LISTED ENTRIES:

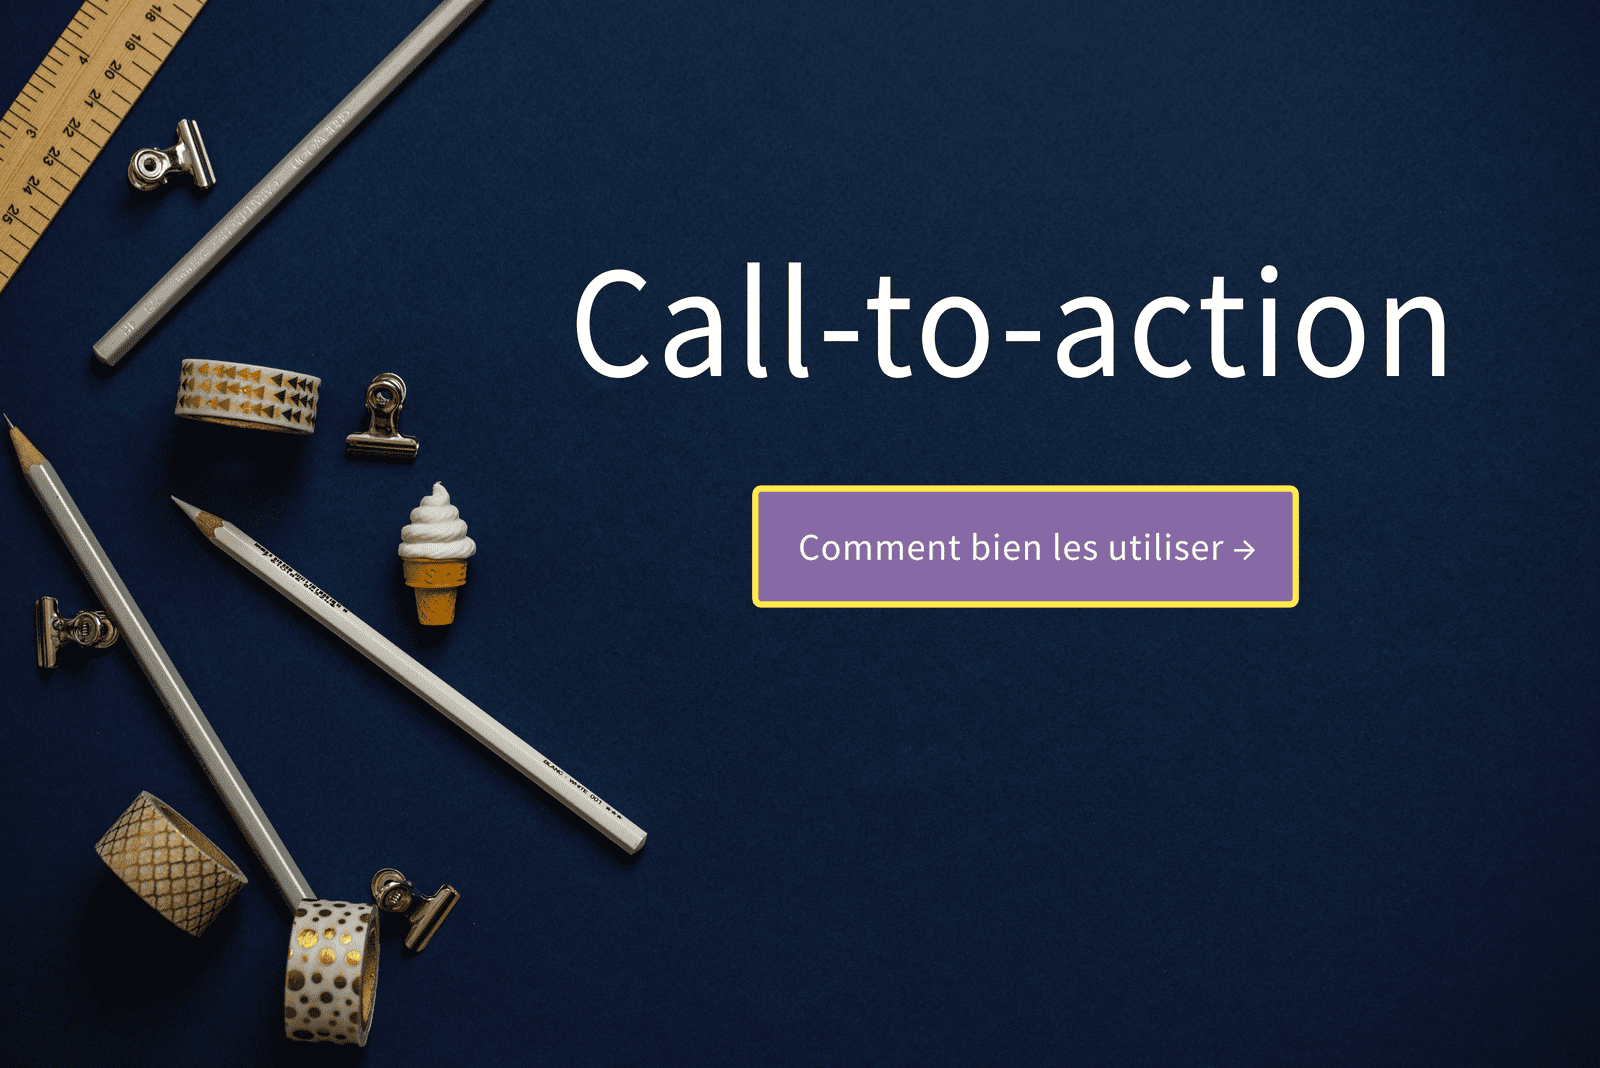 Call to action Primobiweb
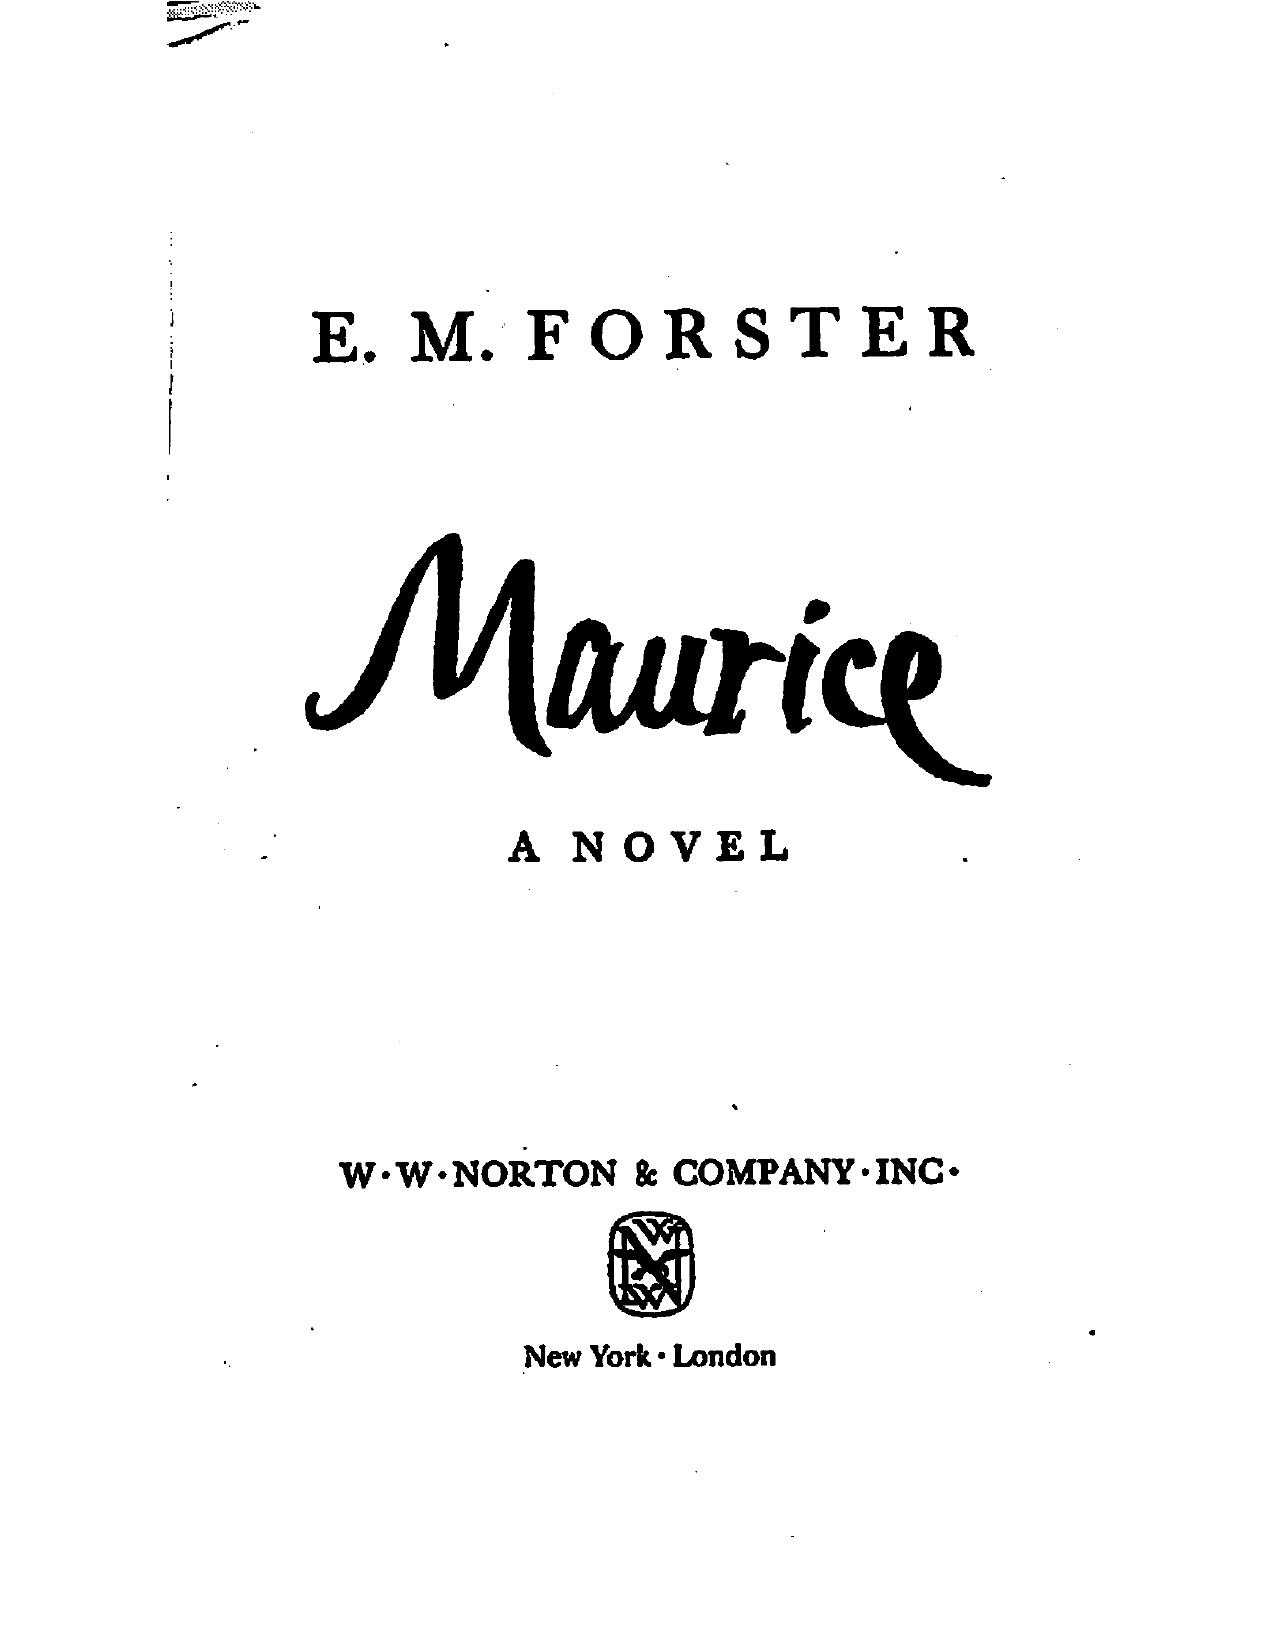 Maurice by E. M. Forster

* * *

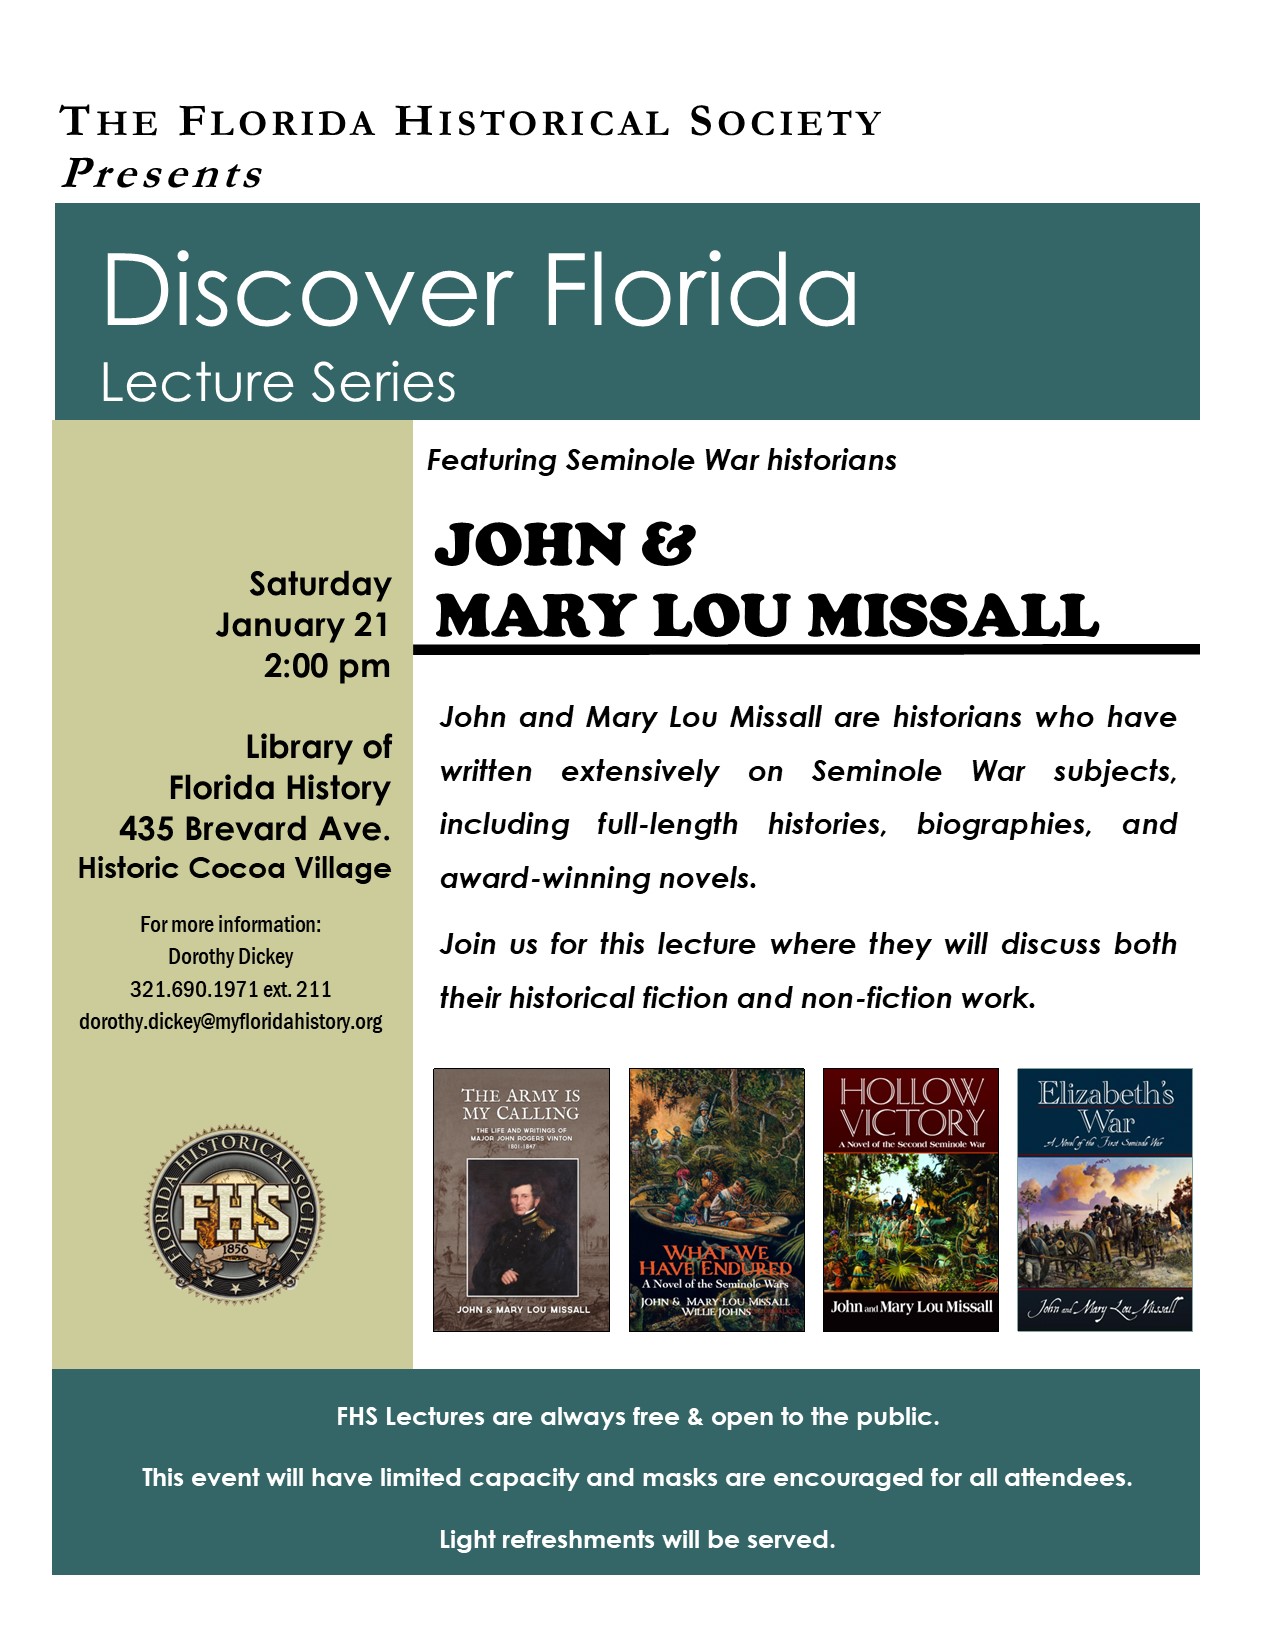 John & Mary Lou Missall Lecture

PROMPT:
Copy word for word the lines above, starting at the line containing "Call to action Primobiweb" and ending at the line containing "Maurice by E. M. Forster", inclusive, with no pictures.

RESPONSE TO THIS TASK:
 Call to action Primobiweb
 Maurice by E. M. Forster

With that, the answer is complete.